WHAT THE TASK REQUIRES >> Please restate the data below word for word, omitting all images.

DATASET EXTRACT >>
........

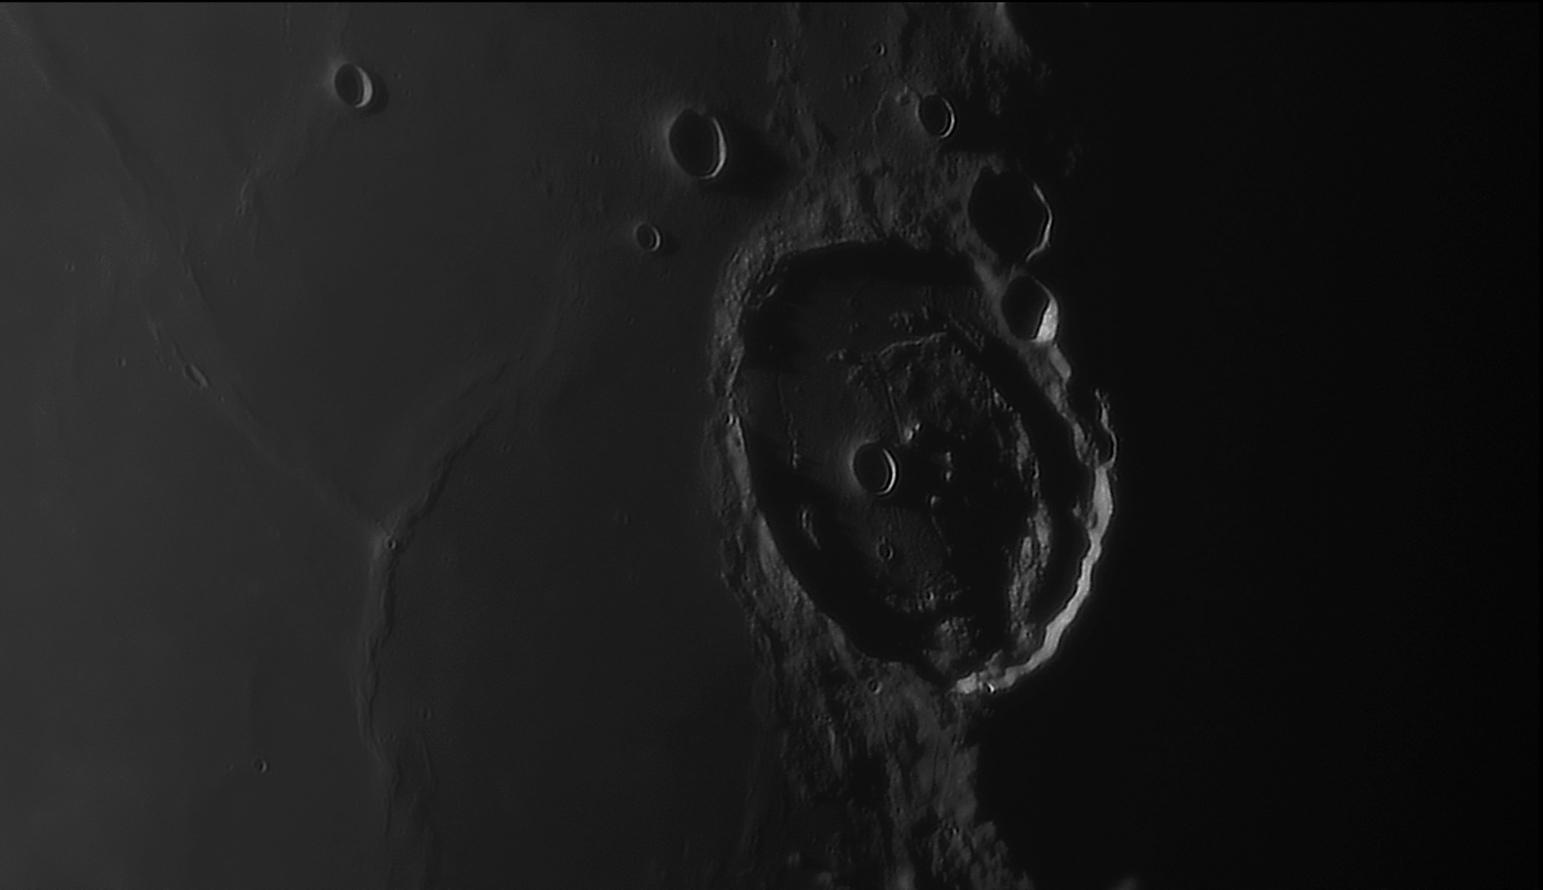 large.moon_19_09_2019_01_44_posid.jpg.d988e5c0a3e04ee151475df7ea60c9d1.jpg
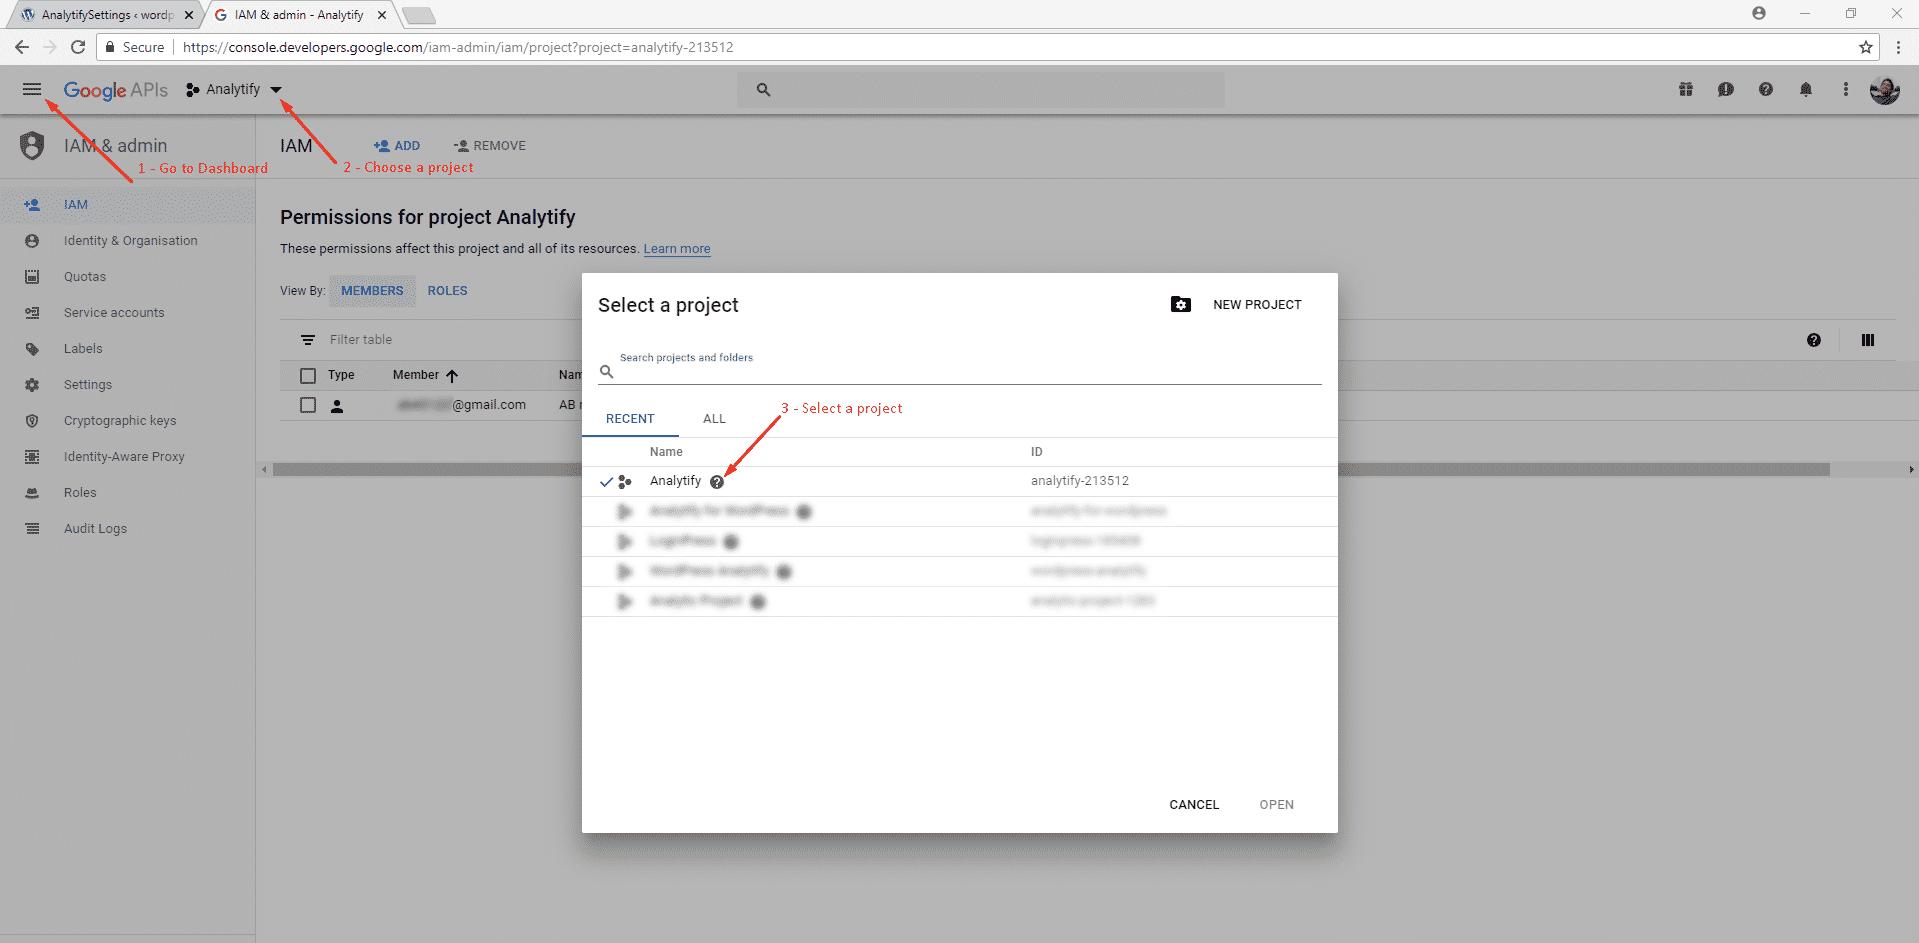 Get Client ID, Client Secret and Developer API Key for Google
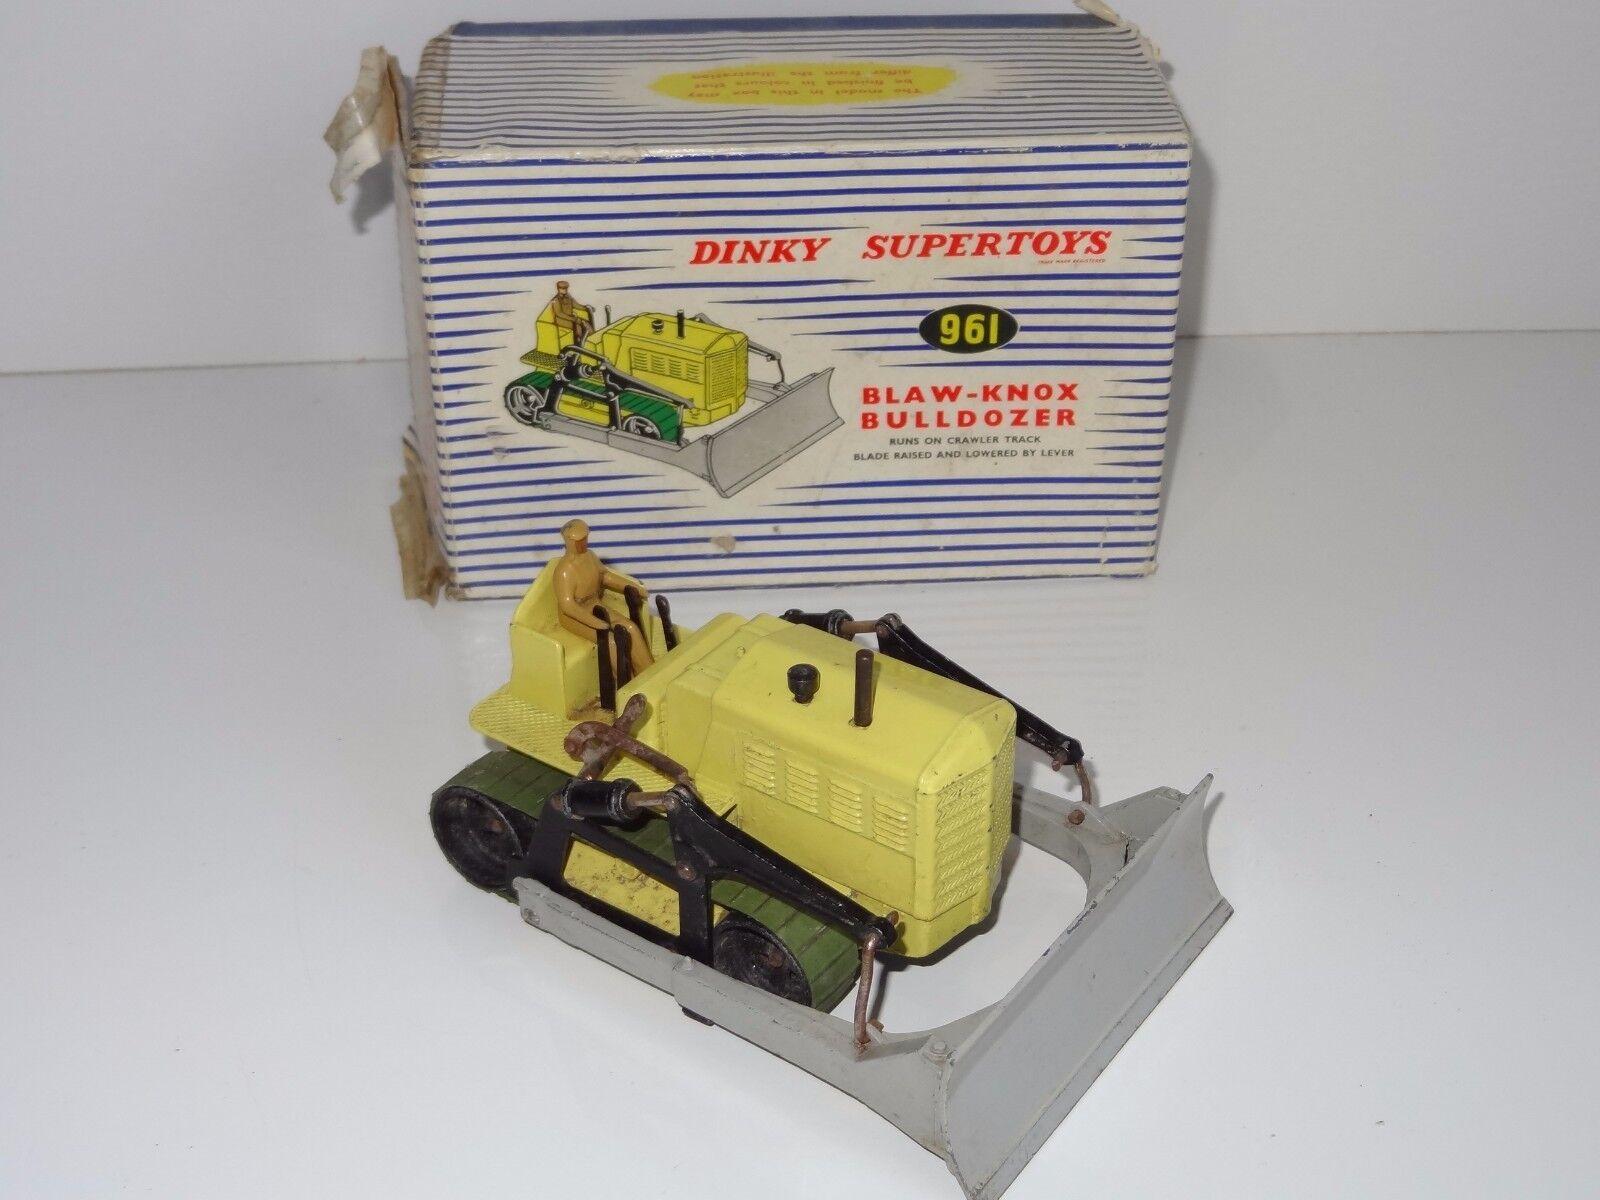 costo real (W) Dinky blaw knox bulldozer - 961 961 961  para barato

........

TASK OUTPUT >>
 large.moon_19_09_2019_01_44_posid.jpg.d988e5c0a3e04ee151475df7ea60c9d1.jpg
 Get Client ID, Client Secret and Developer API Key for Google
 costo real (W) Dinky blaw knox bulldozer - 961 961 961  para barato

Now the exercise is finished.